EXERCISE BRIEF: The reply must repeat the listing below exactly and carry none of its pictures.

DATASET EXCERPT:
╔══

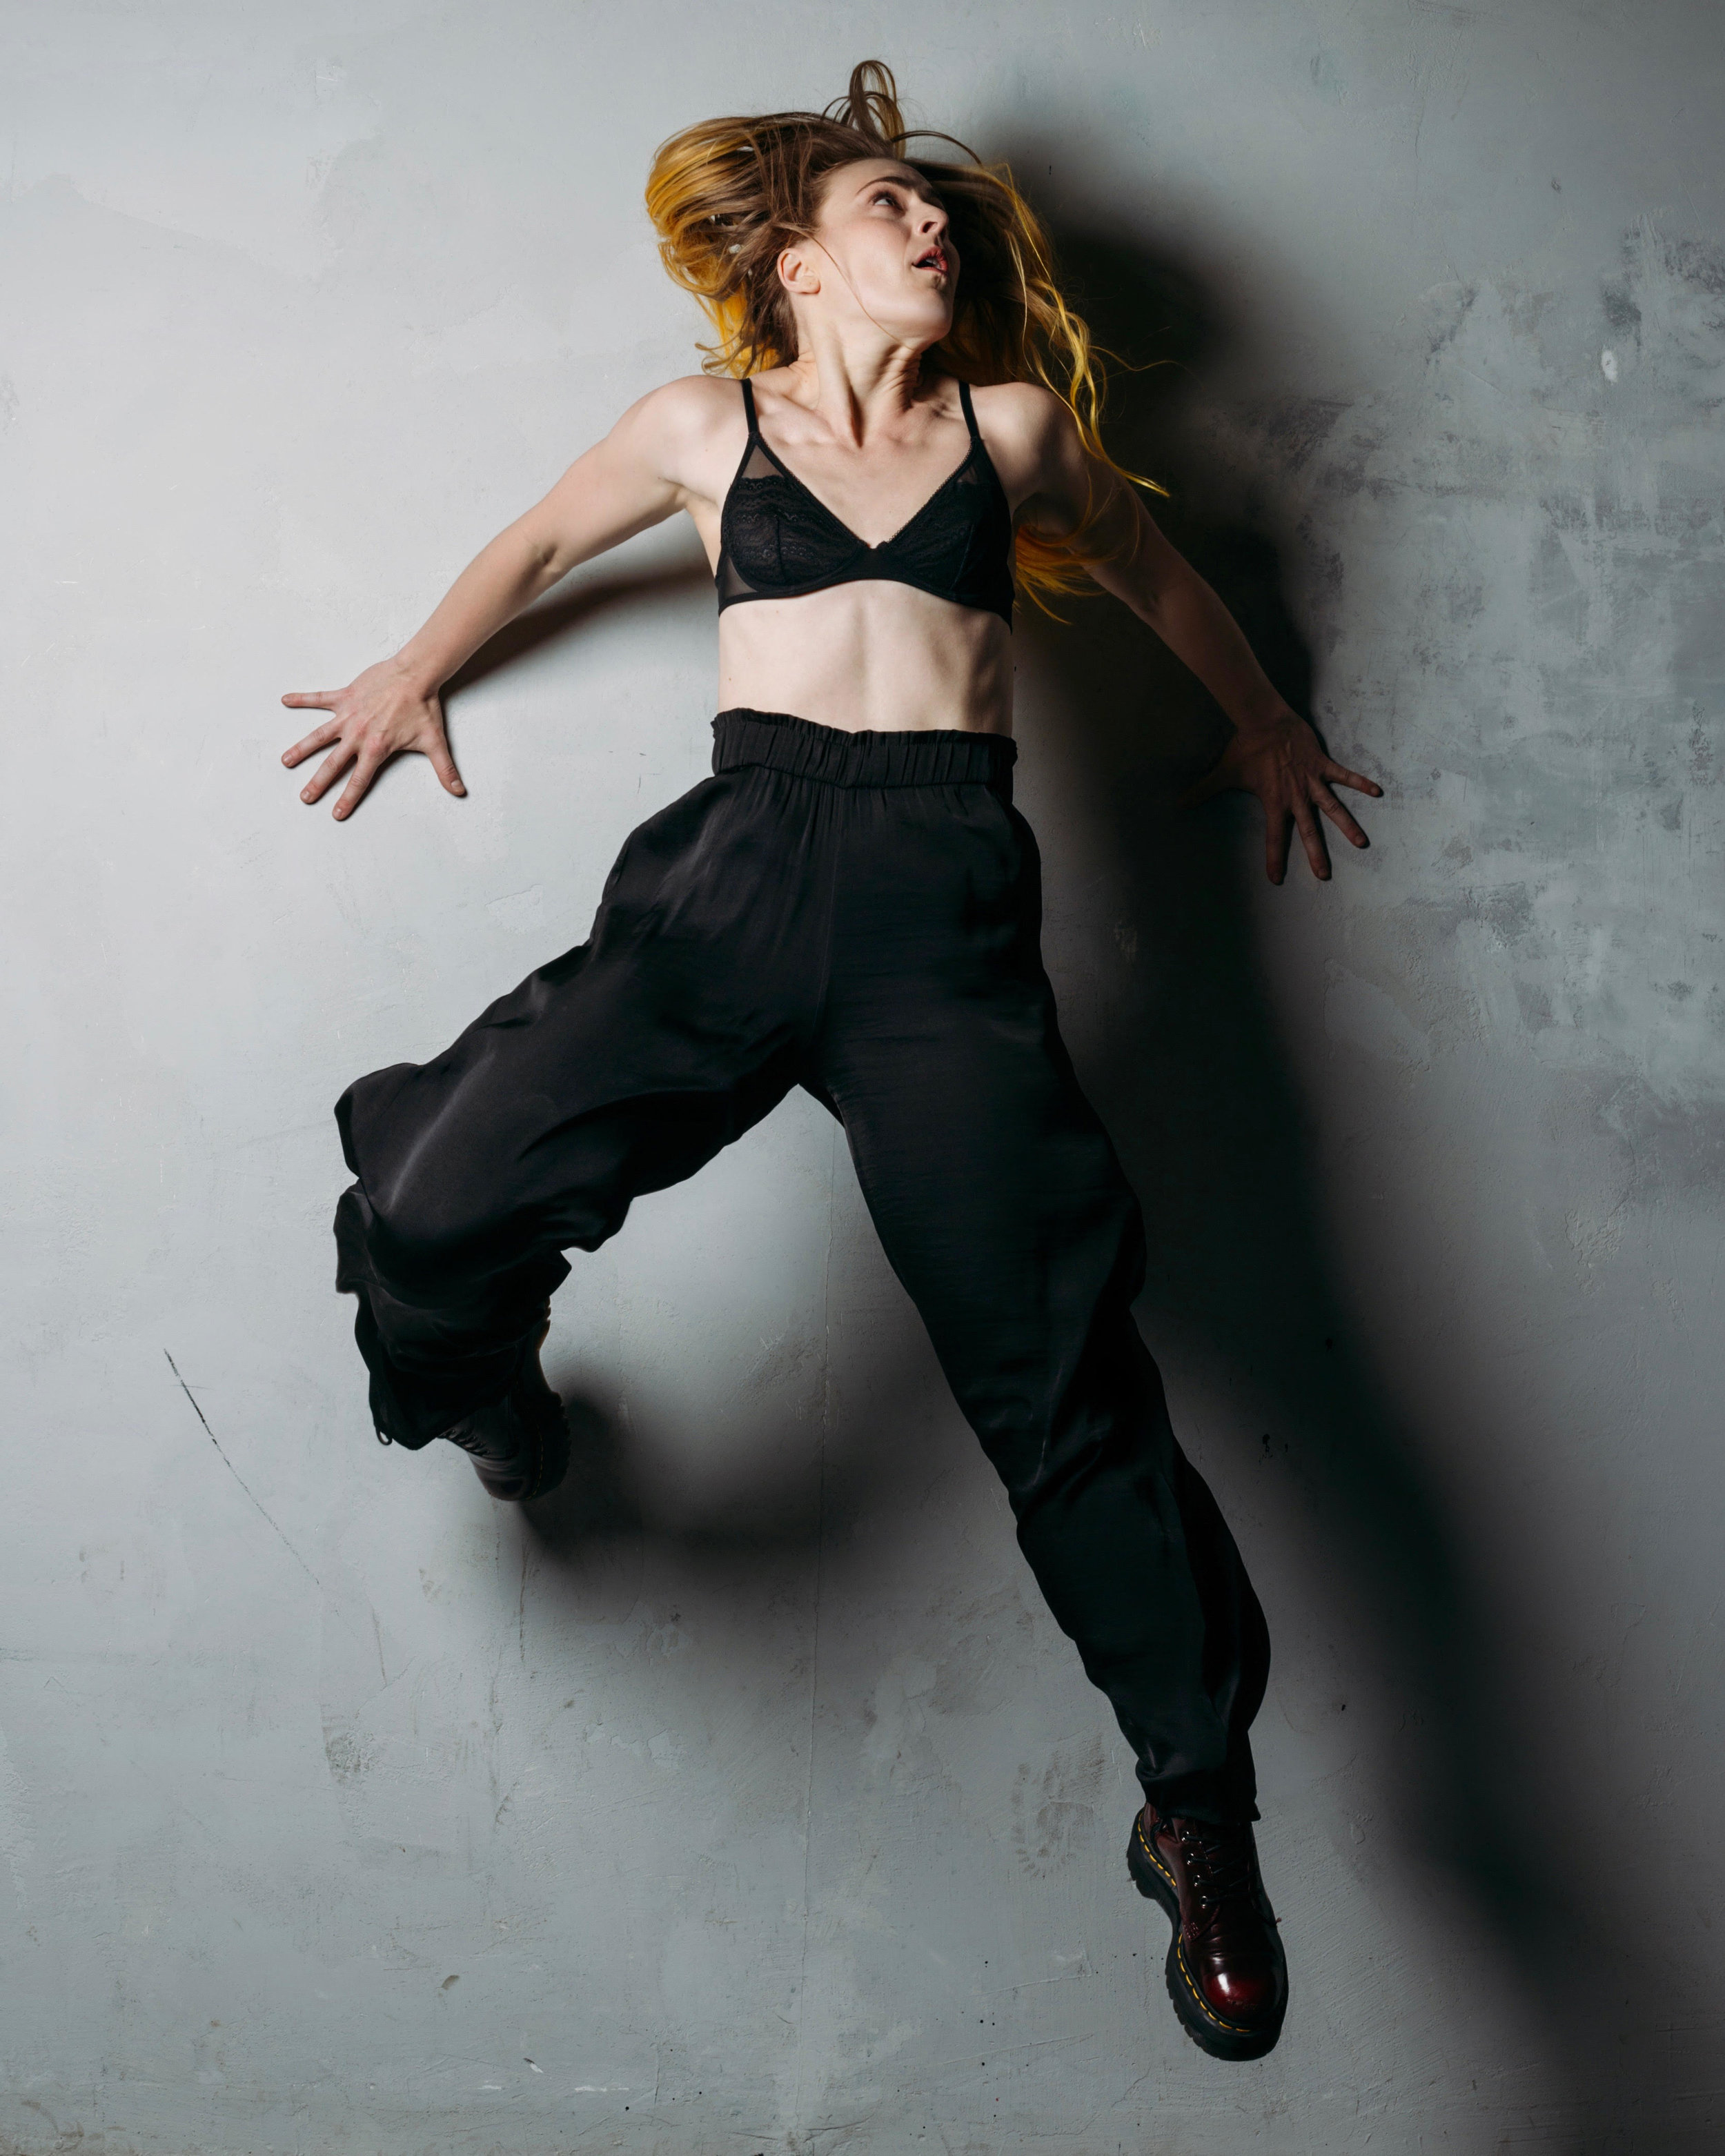 Jenn Freeman
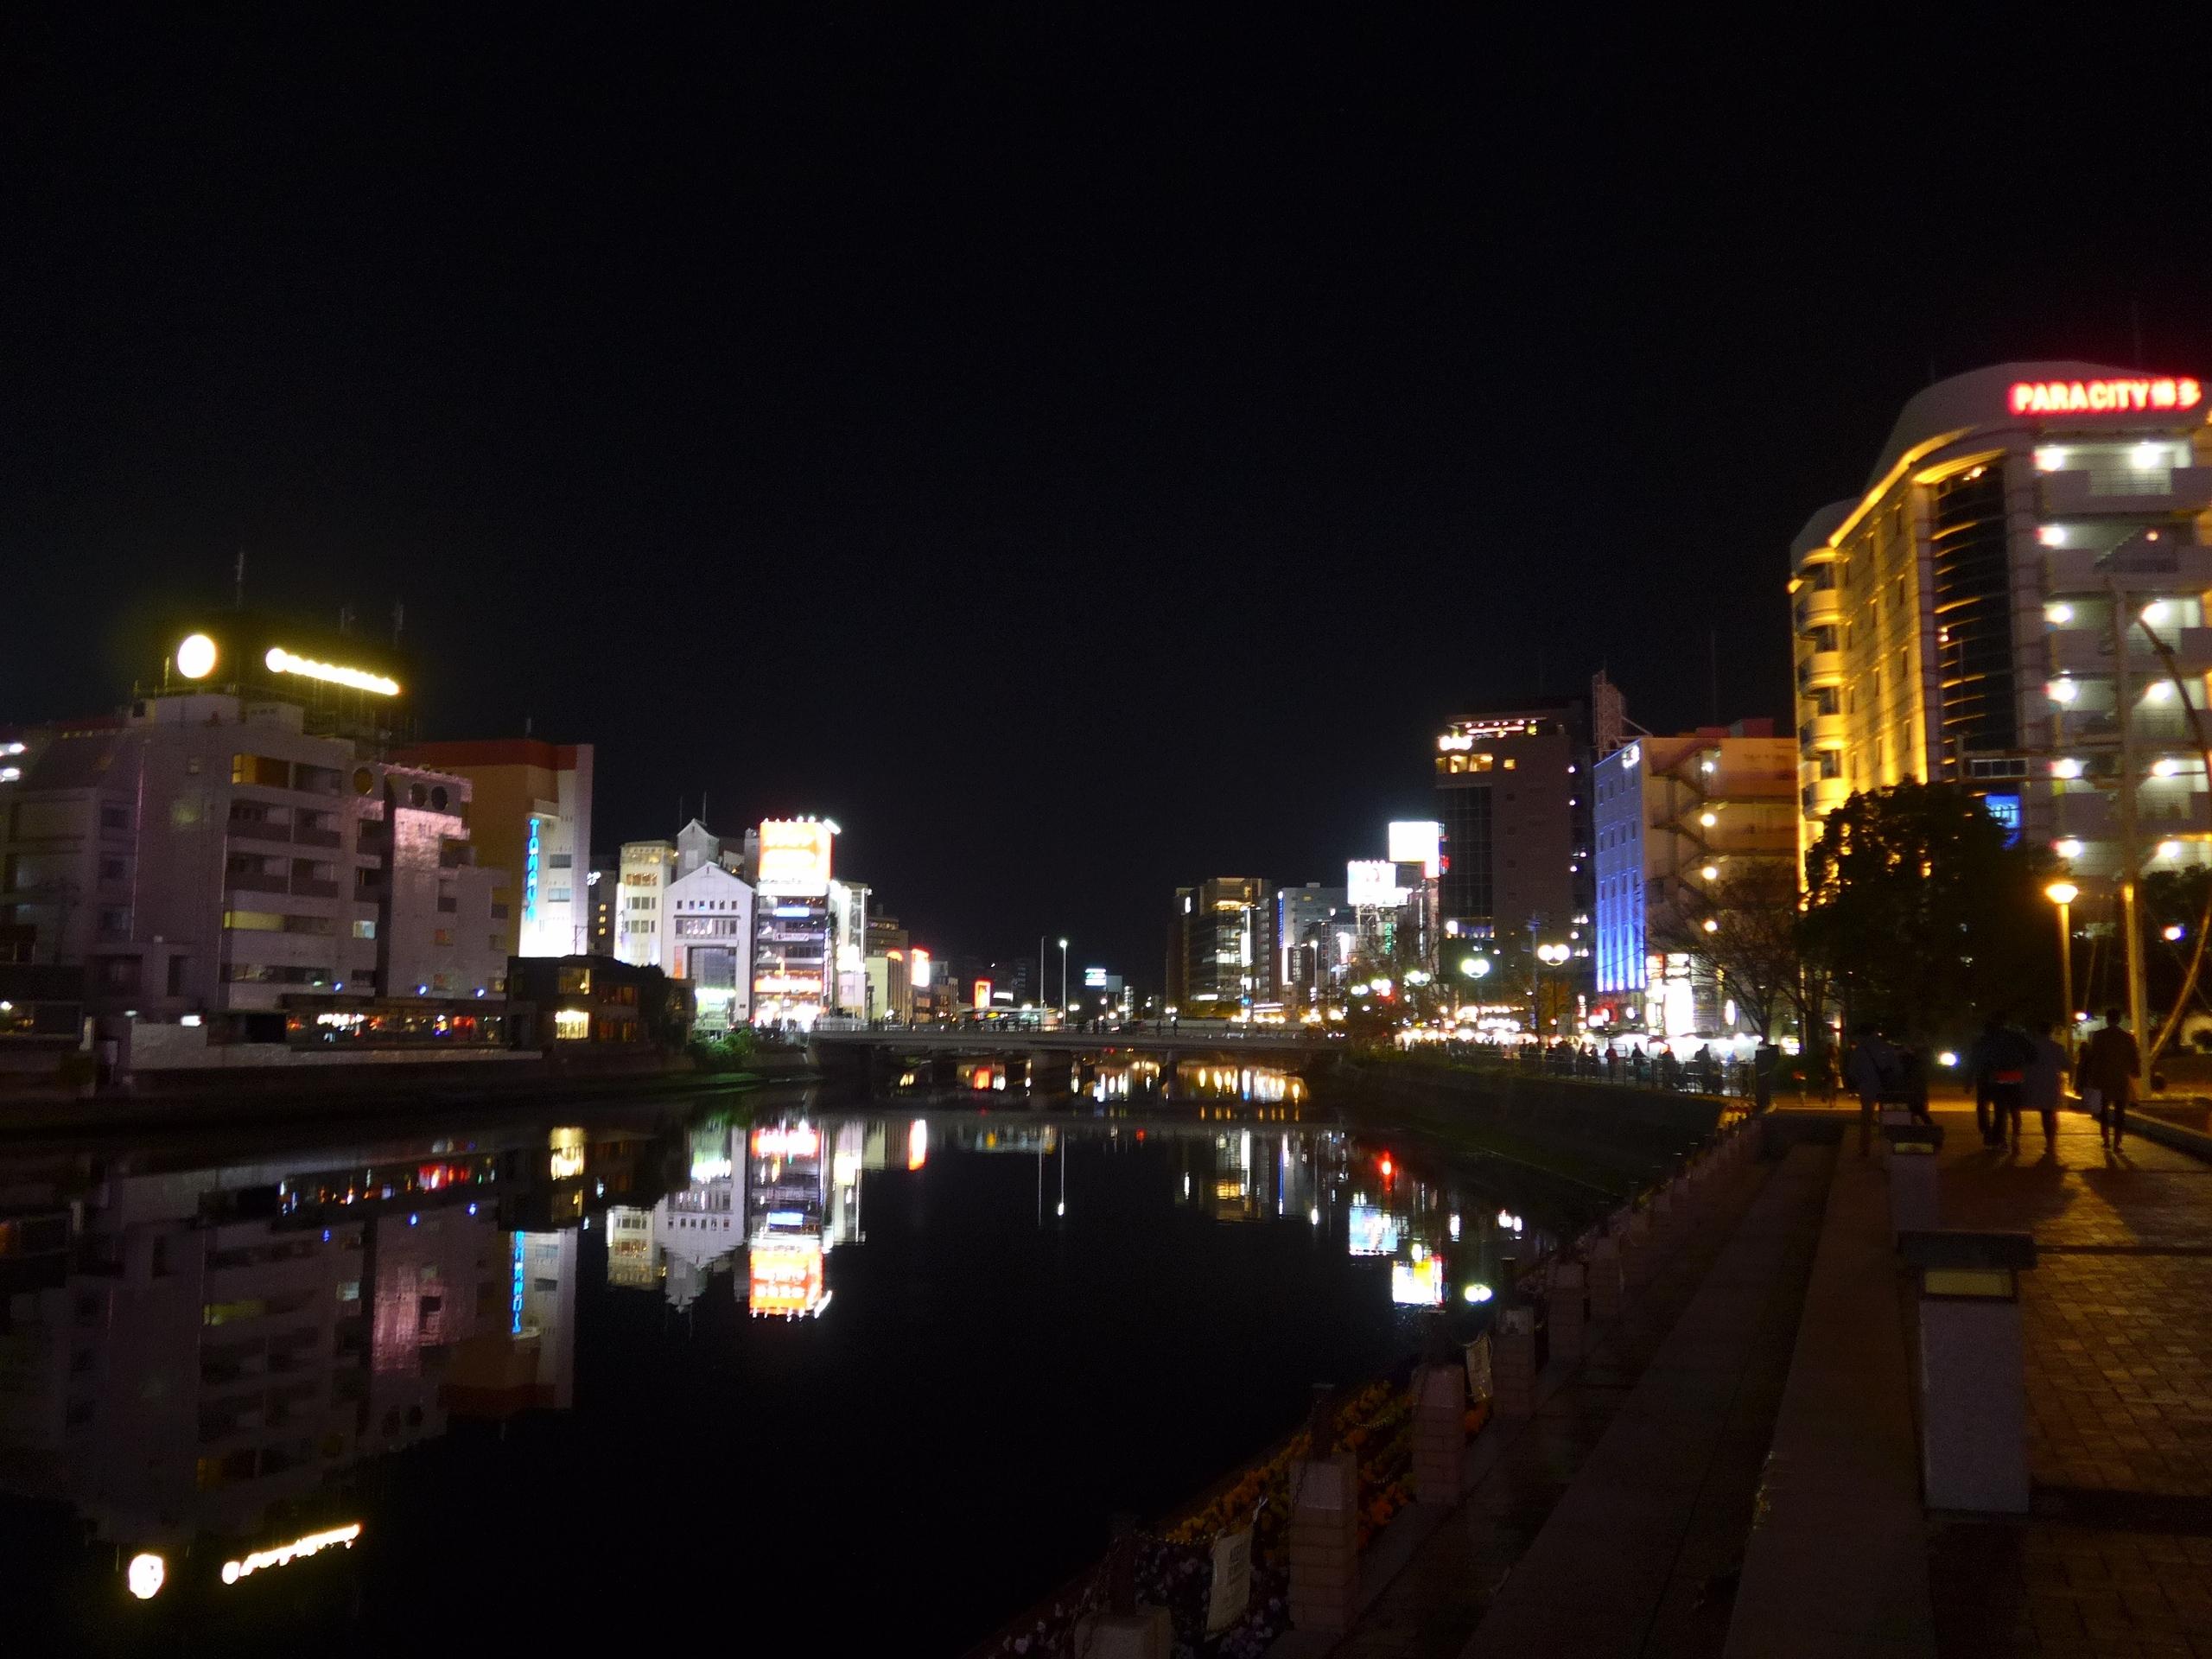 那珂川の上流側からの景色、右手の川沿いに屋台街があります
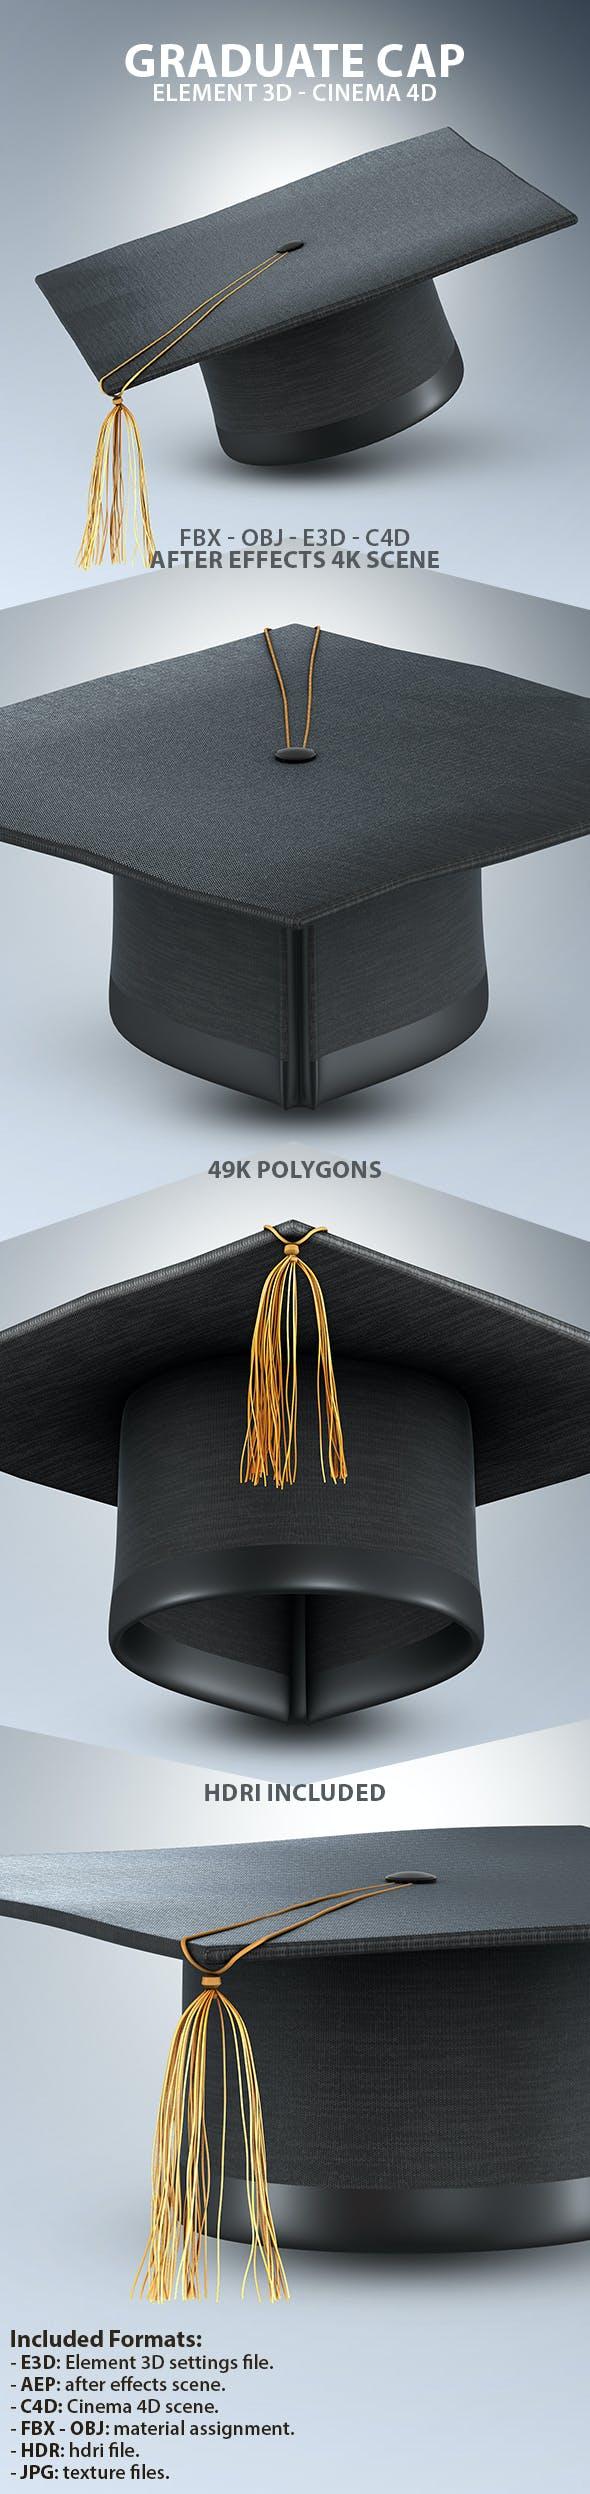 Graduate Cap 3D Model for Element 3D & Cinema 4D - 3DOcean Item for Sale

╚══

WRITTEN SOLUTION:
 Jenn Freeman
 那珂川の上流側からの景色、右手の川沿いに屋台街があります
 Graduate Cap 3D Model for Element 3D & Cinema 4D - 3DOcean Item for Sale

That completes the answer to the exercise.